▶ **THE PROBLEM**: Nothing but the lines from the one containing "chanel wallet pink women" through the last line of the entries should appear in the output, each verbatim.
☆ ☆ ☆ ☆ ☆
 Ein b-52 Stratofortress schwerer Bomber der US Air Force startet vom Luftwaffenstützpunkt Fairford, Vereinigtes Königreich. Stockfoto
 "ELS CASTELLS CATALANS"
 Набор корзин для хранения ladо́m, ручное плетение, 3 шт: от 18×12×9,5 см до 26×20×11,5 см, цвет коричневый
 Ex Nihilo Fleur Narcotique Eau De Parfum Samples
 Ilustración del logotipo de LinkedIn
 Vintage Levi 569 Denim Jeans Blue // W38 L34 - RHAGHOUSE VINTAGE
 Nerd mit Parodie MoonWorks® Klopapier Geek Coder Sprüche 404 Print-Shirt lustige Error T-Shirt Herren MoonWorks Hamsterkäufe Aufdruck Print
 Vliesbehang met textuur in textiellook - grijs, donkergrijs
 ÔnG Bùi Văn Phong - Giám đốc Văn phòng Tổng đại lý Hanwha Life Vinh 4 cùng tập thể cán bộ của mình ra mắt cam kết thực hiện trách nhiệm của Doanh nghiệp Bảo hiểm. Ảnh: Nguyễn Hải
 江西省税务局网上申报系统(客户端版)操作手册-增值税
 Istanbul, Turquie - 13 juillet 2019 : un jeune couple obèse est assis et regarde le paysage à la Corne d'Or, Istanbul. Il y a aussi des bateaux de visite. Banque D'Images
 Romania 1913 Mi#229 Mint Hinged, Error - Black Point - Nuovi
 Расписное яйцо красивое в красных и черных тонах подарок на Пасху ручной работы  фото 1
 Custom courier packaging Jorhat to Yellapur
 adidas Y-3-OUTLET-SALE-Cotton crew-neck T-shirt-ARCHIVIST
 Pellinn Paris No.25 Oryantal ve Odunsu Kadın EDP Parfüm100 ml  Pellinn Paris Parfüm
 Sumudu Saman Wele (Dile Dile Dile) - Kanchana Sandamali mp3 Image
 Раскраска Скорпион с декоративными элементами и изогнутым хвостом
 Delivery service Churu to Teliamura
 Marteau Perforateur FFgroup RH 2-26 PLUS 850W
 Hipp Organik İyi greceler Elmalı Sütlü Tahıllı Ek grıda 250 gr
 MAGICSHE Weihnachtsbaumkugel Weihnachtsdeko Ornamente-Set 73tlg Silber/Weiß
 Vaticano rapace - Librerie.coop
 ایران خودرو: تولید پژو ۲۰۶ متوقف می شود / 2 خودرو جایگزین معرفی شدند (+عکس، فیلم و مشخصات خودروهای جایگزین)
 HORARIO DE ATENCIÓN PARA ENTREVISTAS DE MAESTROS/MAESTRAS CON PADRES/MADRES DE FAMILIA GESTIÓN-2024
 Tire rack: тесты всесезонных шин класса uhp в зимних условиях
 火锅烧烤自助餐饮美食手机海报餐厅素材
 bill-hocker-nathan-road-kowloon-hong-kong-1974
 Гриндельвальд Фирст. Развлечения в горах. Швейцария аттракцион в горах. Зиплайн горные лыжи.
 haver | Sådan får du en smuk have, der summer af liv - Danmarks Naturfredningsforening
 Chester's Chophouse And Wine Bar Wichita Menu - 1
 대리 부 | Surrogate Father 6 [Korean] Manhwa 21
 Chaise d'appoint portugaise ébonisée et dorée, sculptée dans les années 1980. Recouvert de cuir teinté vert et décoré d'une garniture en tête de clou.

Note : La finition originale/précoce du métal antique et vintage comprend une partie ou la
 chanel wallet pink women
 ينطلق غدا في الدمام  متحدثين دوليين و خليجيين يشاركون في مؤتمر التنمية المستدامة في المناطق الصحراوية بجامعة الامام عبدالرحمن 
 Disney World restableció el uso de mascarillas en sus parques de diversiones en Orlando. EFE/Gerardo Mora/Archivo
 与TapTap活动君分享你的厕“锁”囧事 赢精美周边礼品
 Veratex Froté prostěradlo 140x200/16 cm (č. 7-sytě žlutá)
☆ ☆ ☆ ☆ ☆
▶ **OUTPUT**:
 chanel wallet pink women
 ينطلق غدا في الدمام  متحدثين دوليين و خليجيين يشاركون في مؤتمر التنمية المستدامة في المناطق الصحراوية بجامعة الامام عبدالرحمن 
 Disney World restableció el uso de mascarillas en sus parques de diversiones en Orlando. EFE/Gerardo Mora/Archivo
 与TapTap活动君分享你的厕“锁”囧事 赢精美周边礼品
 Veratex Froté prostěradlo 140x200/16 cm (č. 7-sytě žlutá)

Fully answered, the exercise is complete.